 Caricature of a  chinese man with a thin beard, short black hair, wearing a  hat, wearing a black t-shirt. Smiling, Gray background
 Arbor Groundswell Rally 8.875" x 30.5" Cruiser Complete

* * *

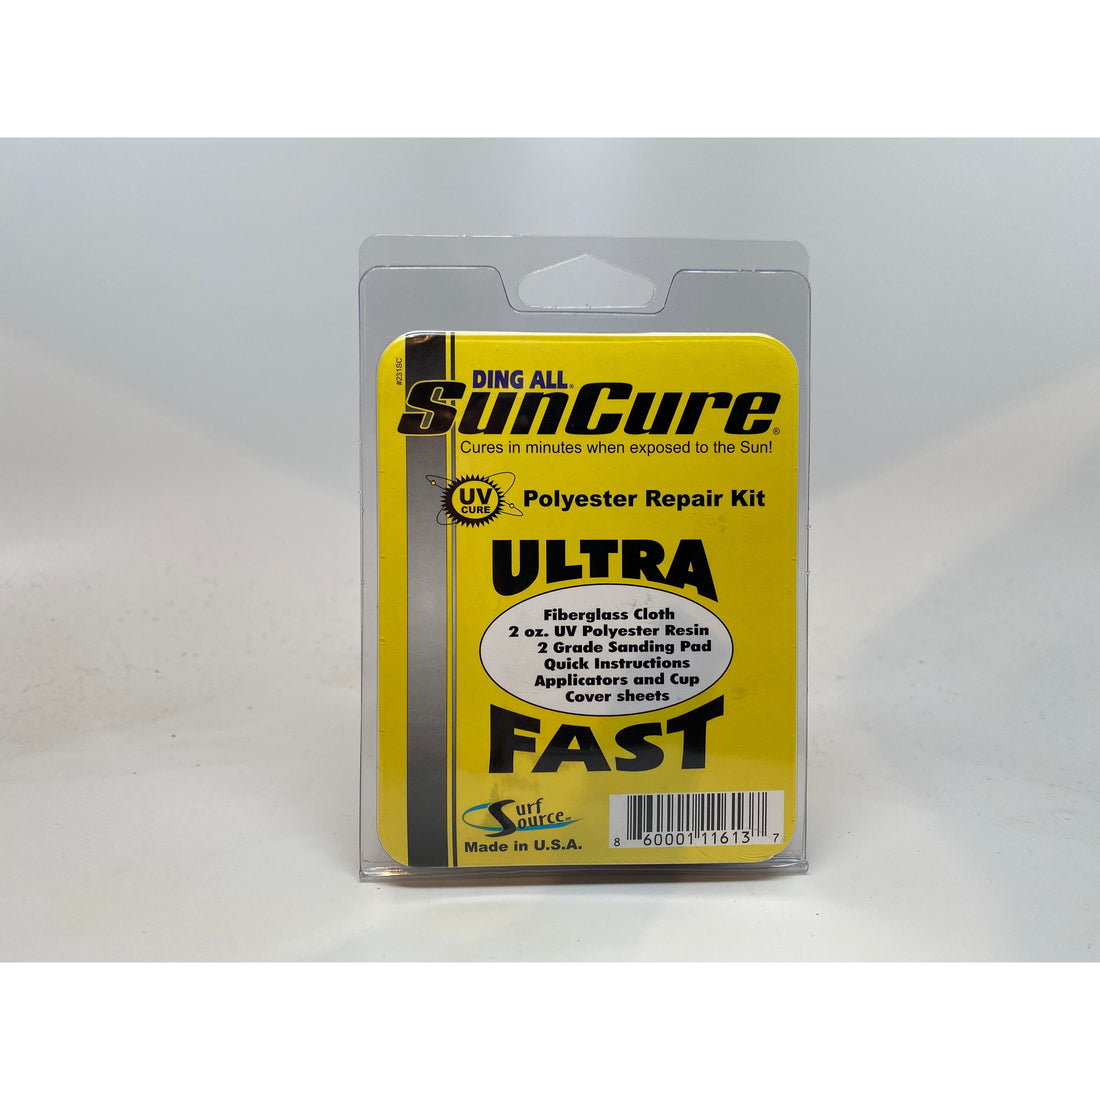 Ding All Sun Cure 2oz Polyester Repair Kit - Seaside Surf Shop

> [Exercise prompt]
Within the data above, the span starting at the line containing "Caricature of a" and ending at the line containing "Arbor Groundswell Rally" is to be retyped exactly, with no other lines.

> [Solution to this exercise]
 Caricature of a  chinese man with a thin beard, short black hair, wearing a  hat, wearing a black t-shirt. Smiling, Gray background
 Arbor Groundswell Rally 8.875" x 30.5" Cruiser Complete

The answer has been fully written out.